═════ Data segment ═════

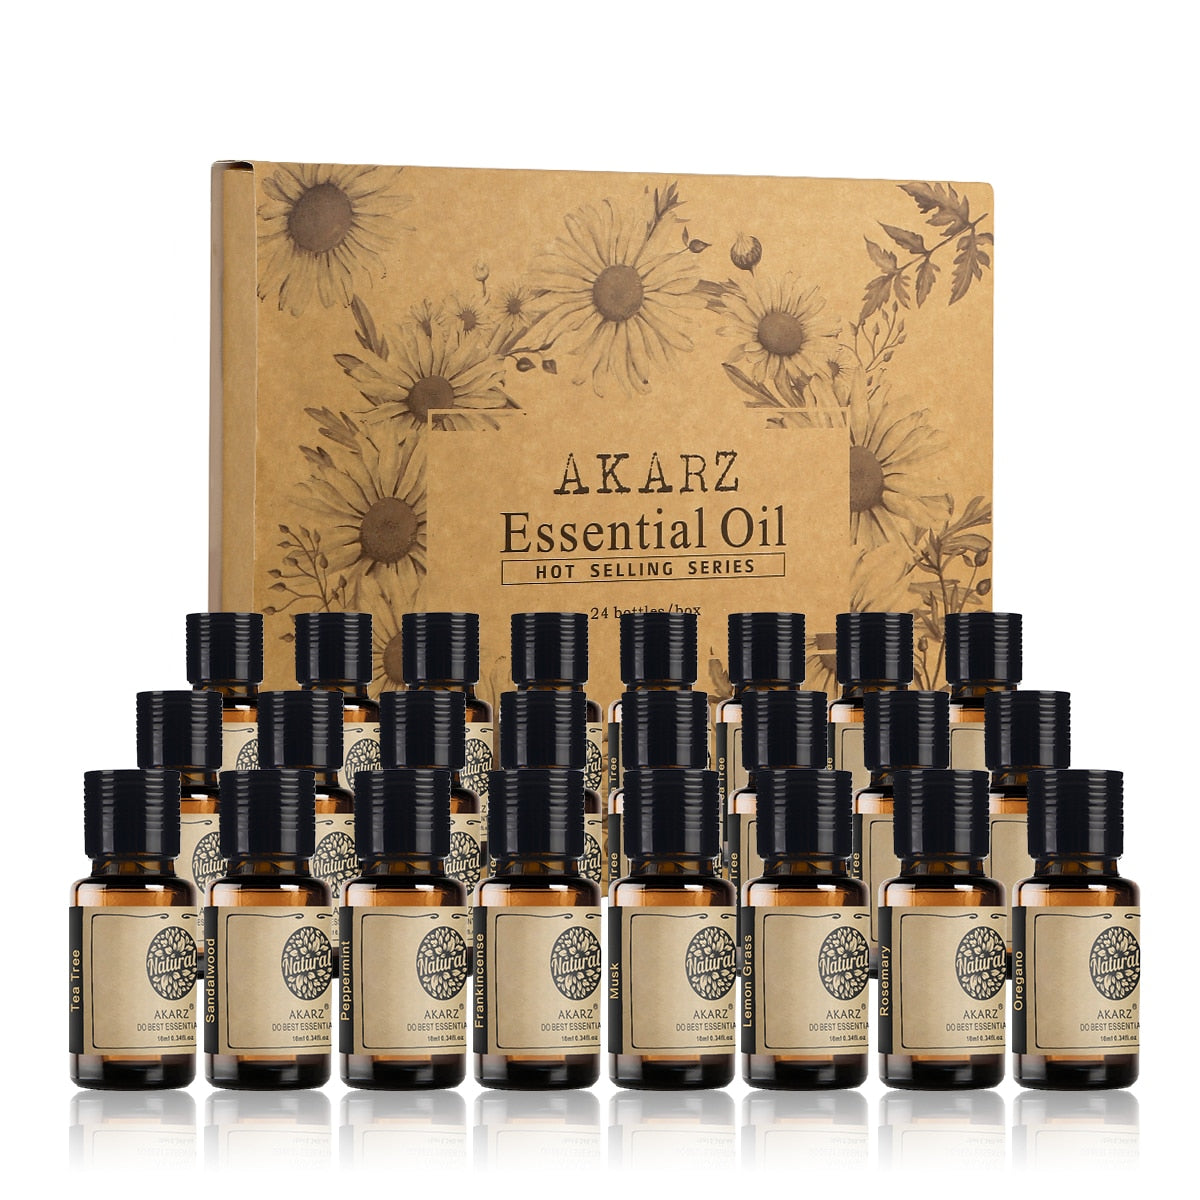 AKARZ Hots 24 Sets Essential Oils Elegant Packaging For Perfect Gift Aromatherapy Oil for Humidifier, Diffuser, Bath, Spa, Massage, Perfume, Home Cleaning and More
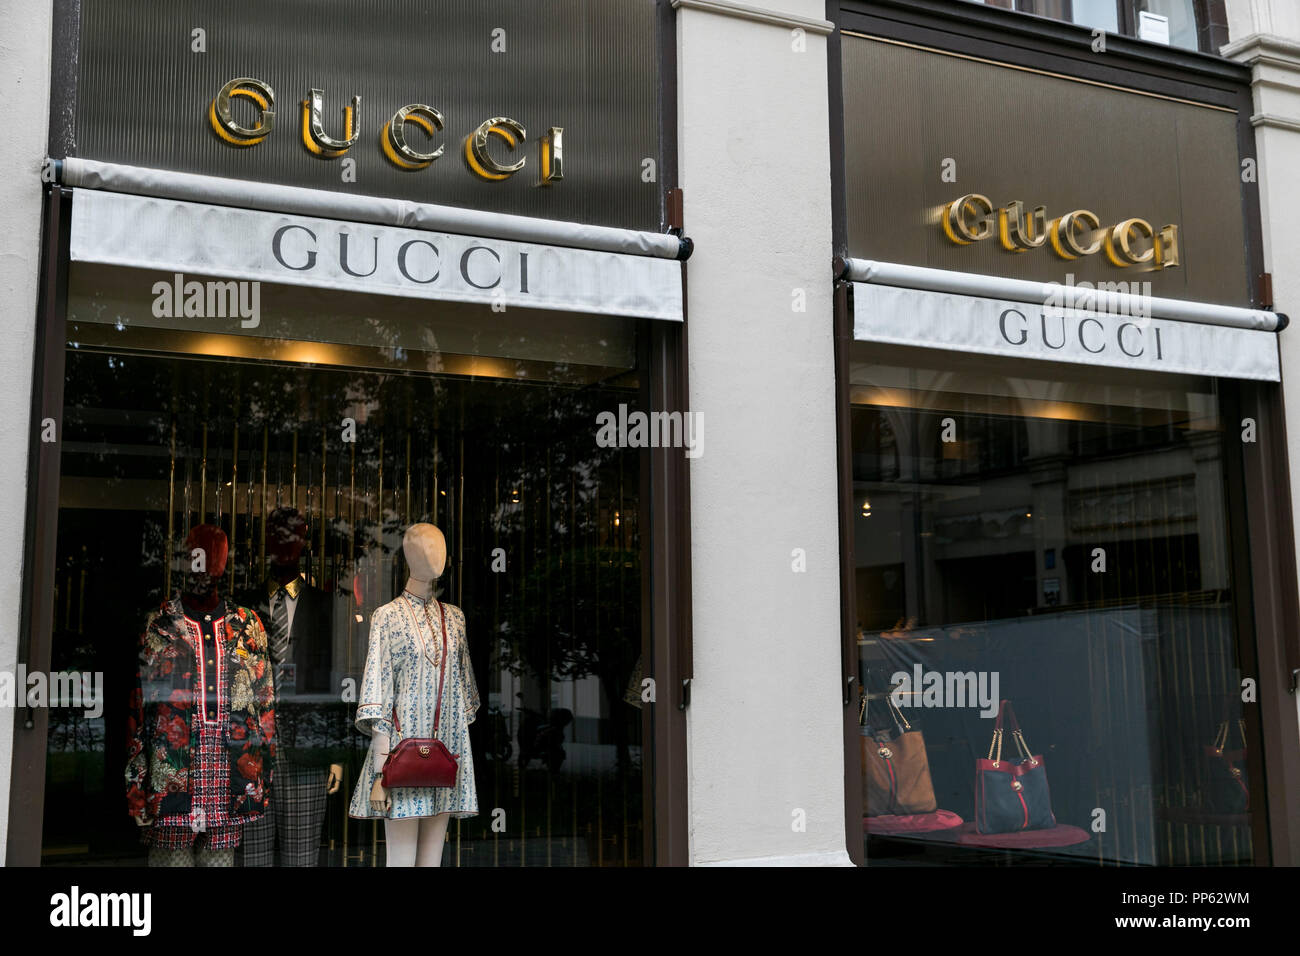 Gucci Storefront High Resolution Stock Photography and Images - Alamy
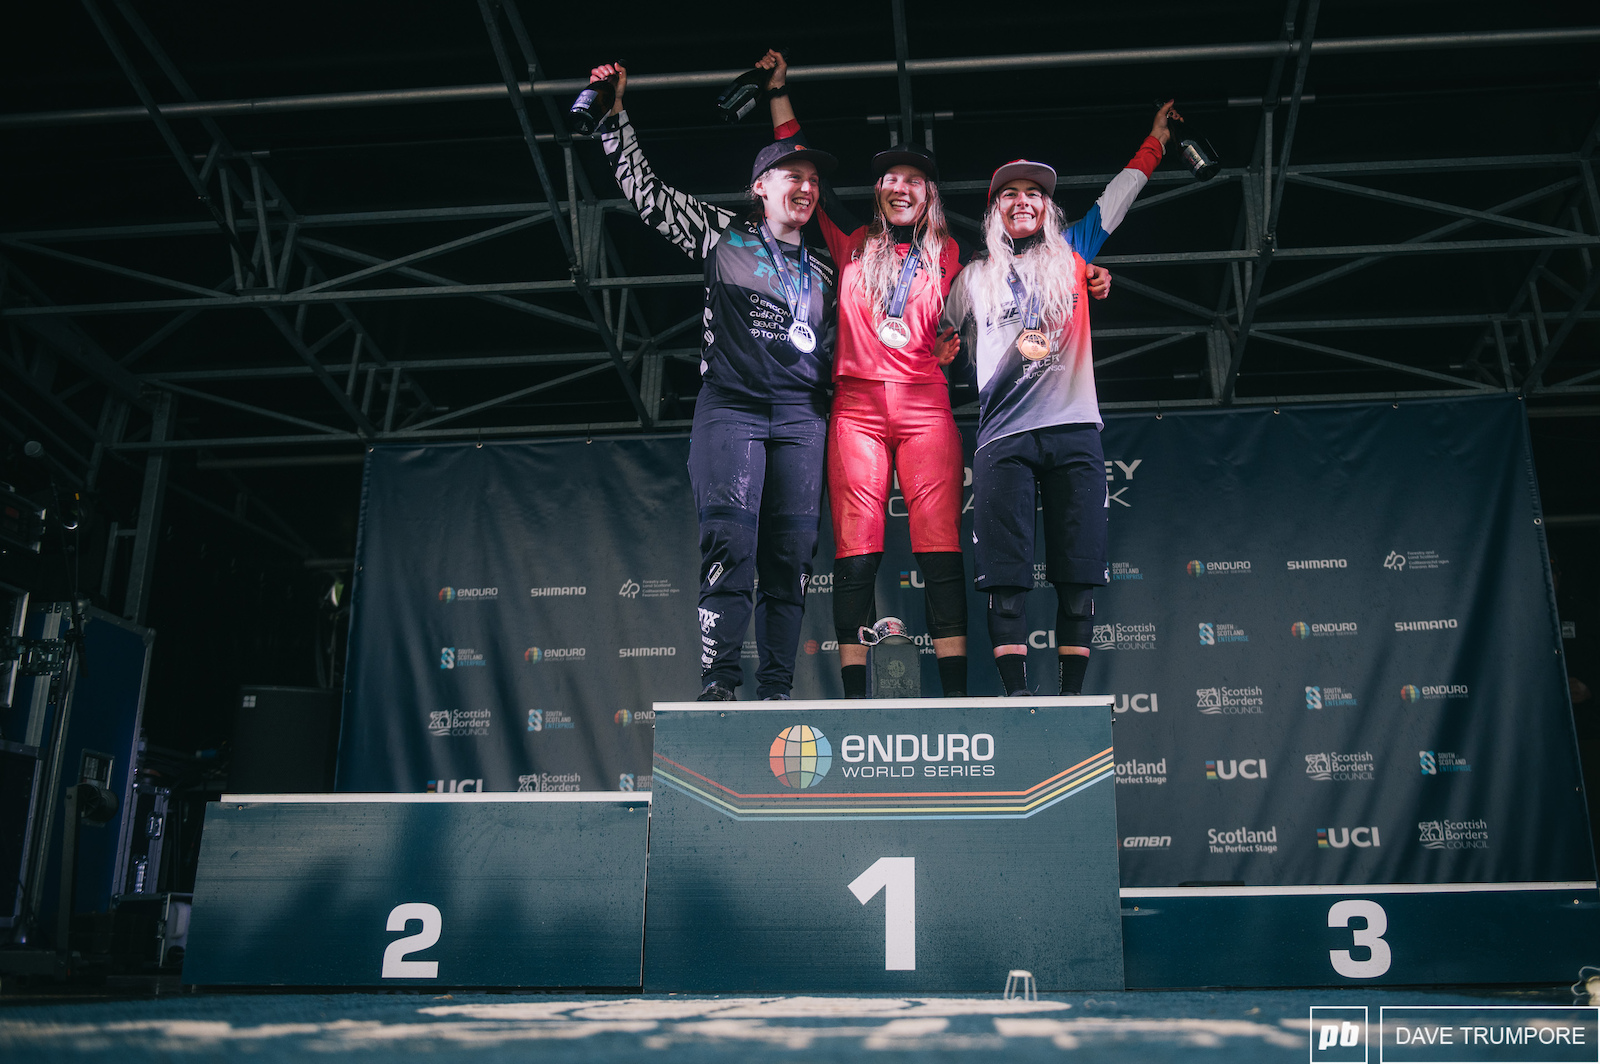 Ella Conolly flanked by Bex Baraona and Isabeau Courdurier on the women s podium.

═════

Aim of the task: Everything above should be given again exactly, apart from the pictures.

Expected answer:
 AKARZ Hots 24 Sets Essential Oils Elegant Packaging For Perfect Gift Aromatherapy Oil for Humidifier, Diffuser, Bath, Spa, Massage, Perfume, Home Cleaning and More
 Gucci Storefront High Resolution Stock Photography and Images - Alamy
 Ella Conolly flanked by Bex Baraona and Isabeau Courdurier on the women s podium.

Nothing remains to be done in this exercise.